- Author: Stephen Koukoulas Economist
- Posted: June 22, 2026
A Tough Budget with Tax Confusion as the Economy Slows
The Federal Budget delivered a modest tightening in fiscal policy. There were some cuts in spending (the NDIS in particular) plus a range of tax changes which add to government revenue, particularly over the medium term. The budget is forecast to remain in deficit in each of the next four years, but only to the tune of 1 per cent of GDP. Net government debt is forecast to edge up to 22 per cent of GDP in 2029-30 from 20 per cent at present.
The proposed tax changes, particularly as they relate to capital gains, have generated considerable backlash from parts of the business sector. There has also been some confusion on the specifics of the tax changes which may see them amended before they pass the parliament.
The recent data flow in Australia has been mixed.
GDP rose 0.3 per cent in the March quarter for an annual increase of 2.5 per cent. Private sector demand accounted for all of the growth with business investment (notably data centres) registering particularly strong growth. Household spending grew moderately, while public demand weakened and net exports subtracted from bottom line GDP growth due in part to a surge in import volumes (see data centres again).
A range of partial economic indicators for the June quarter are pointing to a further slowing in conditions.
Employment fell 19,000 in April with the unemployment rate jumping to 4.5 per cent, the highest rate in over four years. With job vacancies still weak, the unemployment rate is expected to increase further.
Annual inflation eased from 4.6 per cent to 4.2 per cent in April but remains above the RBA target. It is noteworthy that around one third of the increase in inflation is directly linked to three items – petrol, the ending of electricity subsidies and tobacco excise increases. With these temporary factors excluded, trimmed mean inflation is broadly steady at 3.4 per cent.
Growth in household spending is trending lower as consumers react to the three interest rate hikes since February 2026, higher oil prices and rising unemployment. The number of building approvals are solid, pointing to a strong upturn in the construction sector in the year ahead. There was also good news with a 6.5 per cent jump in business investment in the March quarter with annual growth lifting to a 14 year high. The surge in Capex is an important leading indicator for future productivity gains.
Nation-wide house prices recorded no change in May with falls in Sydney, Canberra and Melbourne. The rate of price increases in the other cities is slowing. While the RBA does not target house prices, it is a strong proponent of the wealth effect from house price changes on household consumption. If, as appears close to certain, house prices fall over the next 12 to 18 months, a negative wealth effects will compound any weakness in household spending and add to the disinflationary pulse that is likely to begin in earnest over the latter part of 2026.
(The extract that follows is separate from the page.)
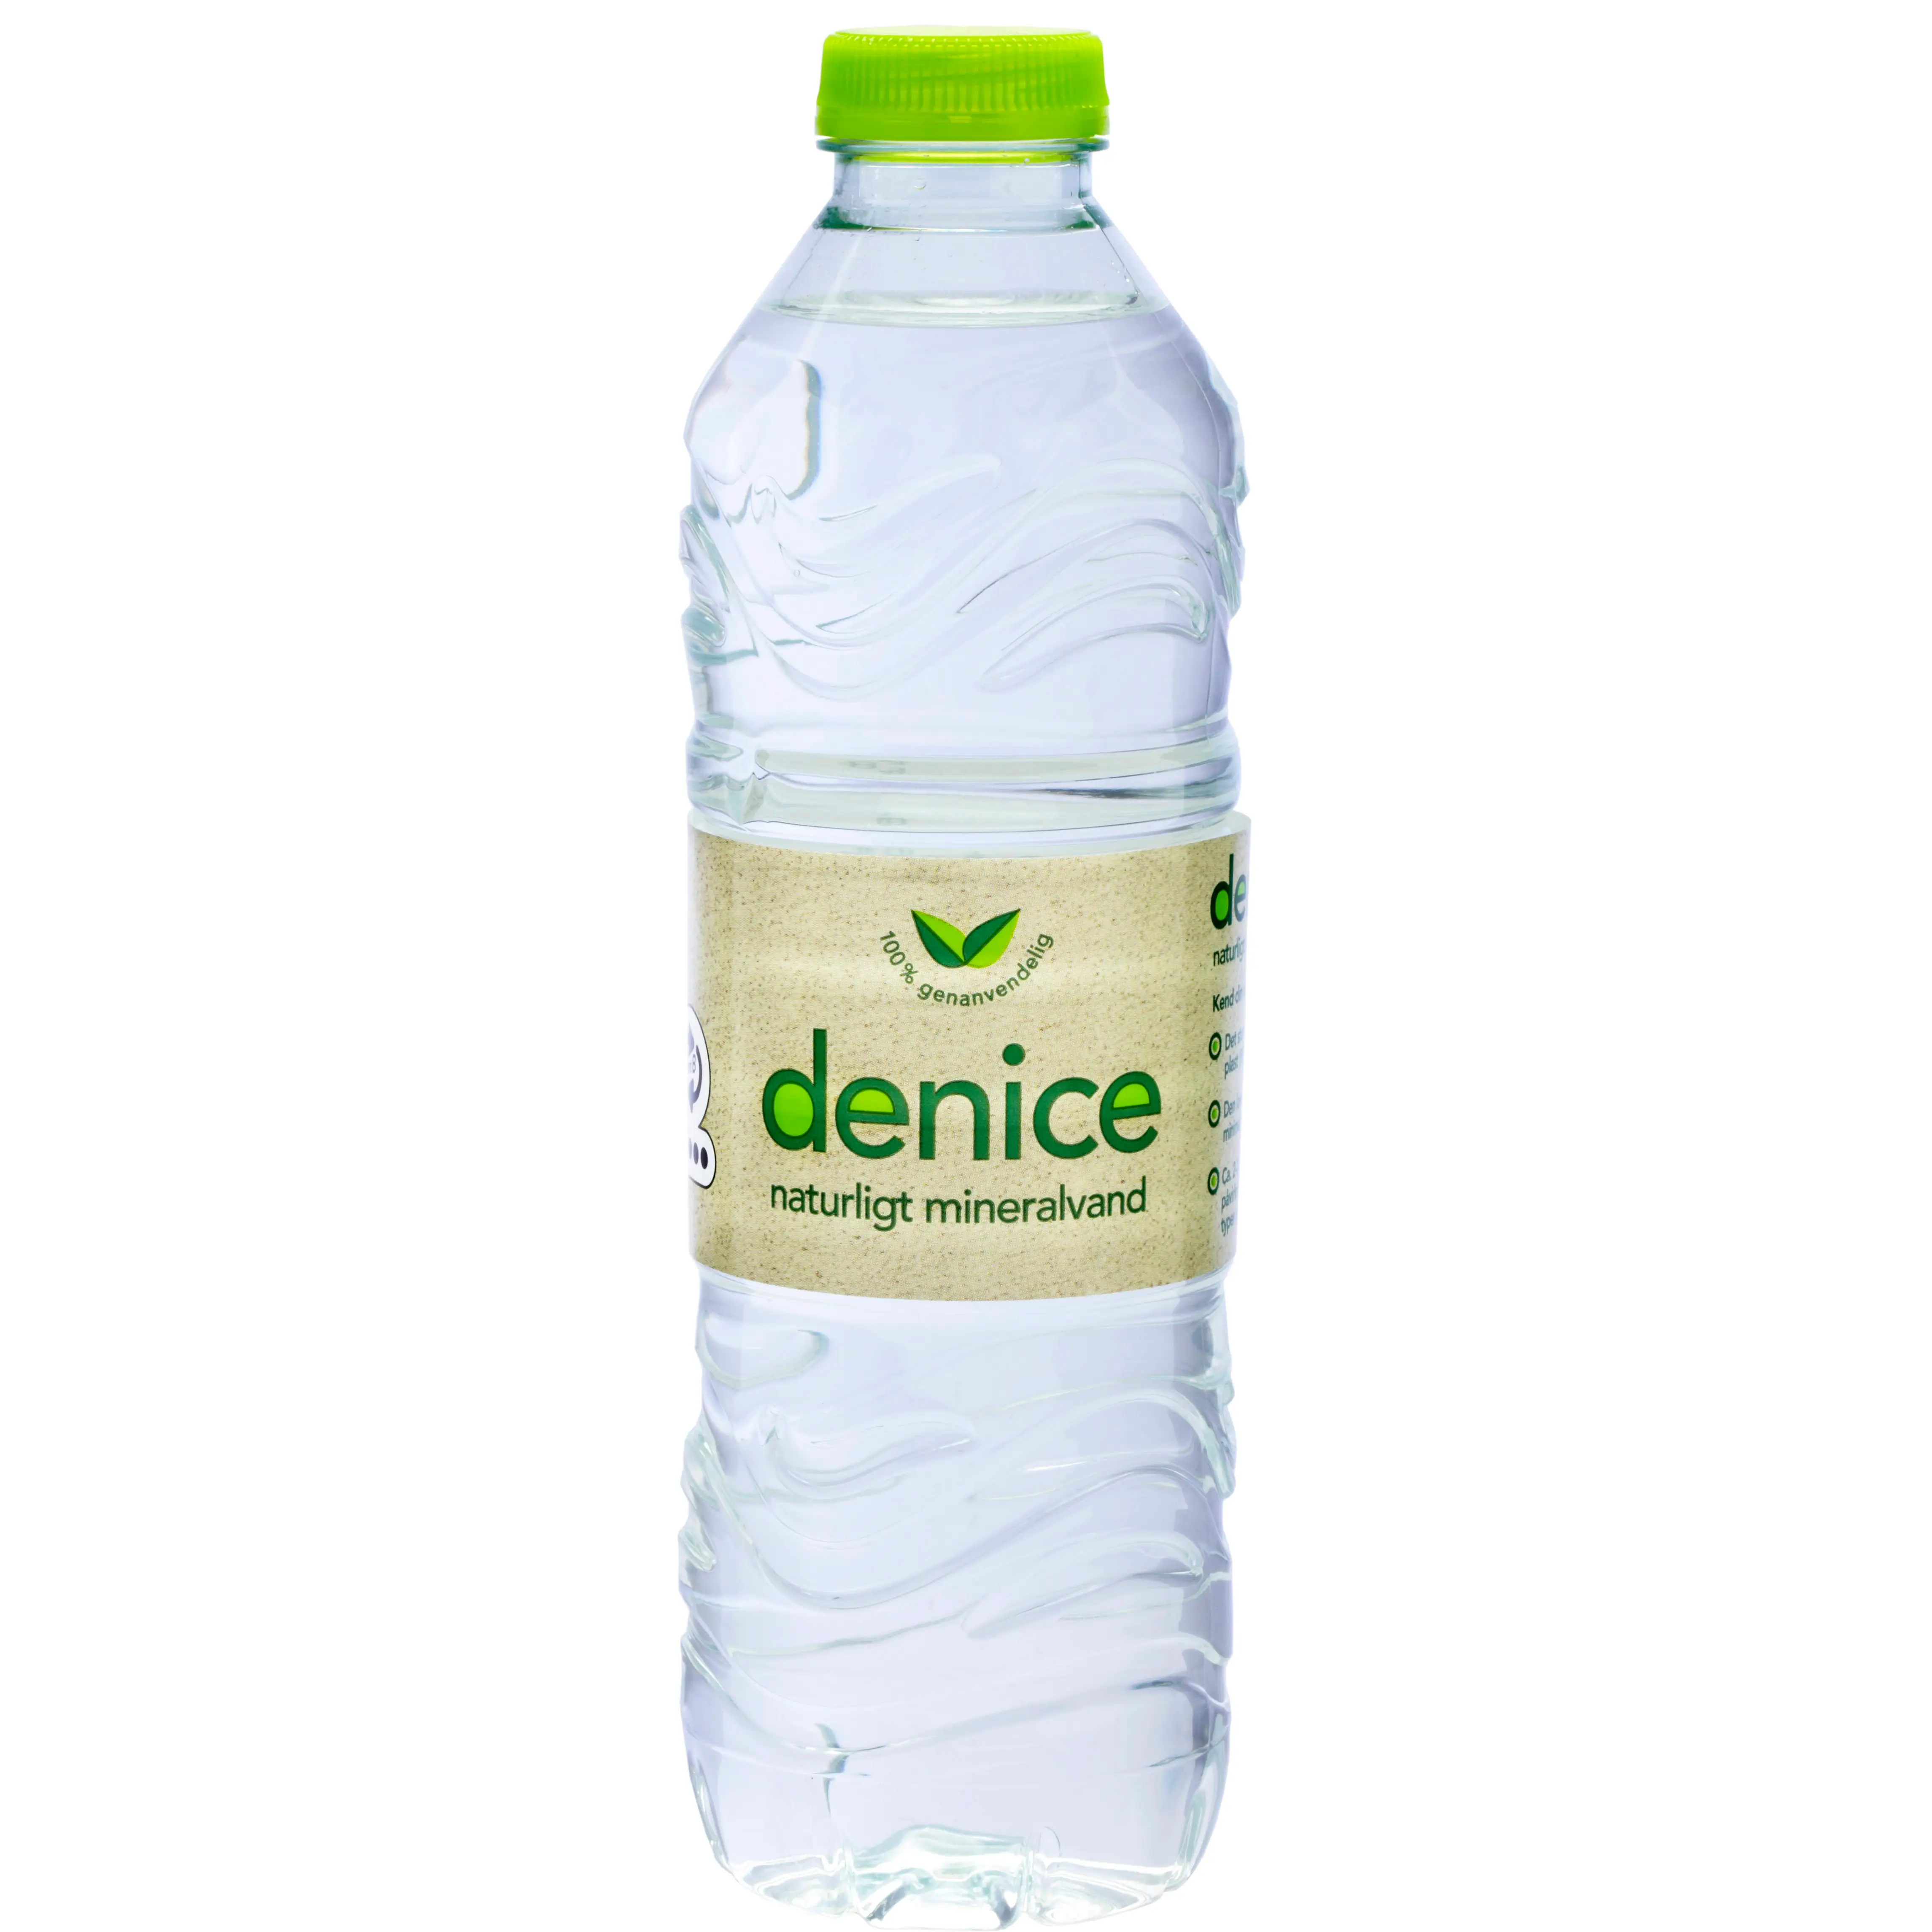 Vand Denice 50cl - 20 flasker med pant 1,50 kr. - Køb billigt på Grafical.dk

Financial markets have scaled back expectations for further RBA interest rate hikes. No change in rates is expected at the 16 June RBA meeting and there is just one more 25 basis point hike priced in by year end. The market is starting to price in interest rate cuts in 2027.
New Zealand
While the RBNZ left interest rates steady at the cyclical low of 2.25 per cent at its May meeting, it signalled a strong bias to start an interest rate hike interest rates in the near term as inflation pressures and a modest economic recovery gain momentum.
The recent economic news in New Zealand has been mixed. After sharp falls in the wake of oil shock, business and consumer sentiment have ticked higher in the latest surveys. Inflation remains above target level at 3.1 per cent in the March quarter despite considerable slack in the labour market. The unemployment rate is above 5 per cent and is expected to remain above that level through to 2027.
Like in Australia, wages growth is low and expected to ease though 2026, which should help to contain inflation pressures.
Based on the above, markets are pricing in around 100 basis points of interest rate hikes from the RBNZ over the next 12 to 18 months.
Currencies
The AUD remains strong holding near 0.72 US cents for the bulk of the last month. The budget had no material effect on the AUD. The NZD has edged higher to be above 59 US cents, but this is still below the recent peak of 60.75 US cents in February. The AUD/NZD cross has stabilised around 1.20 to 1.22.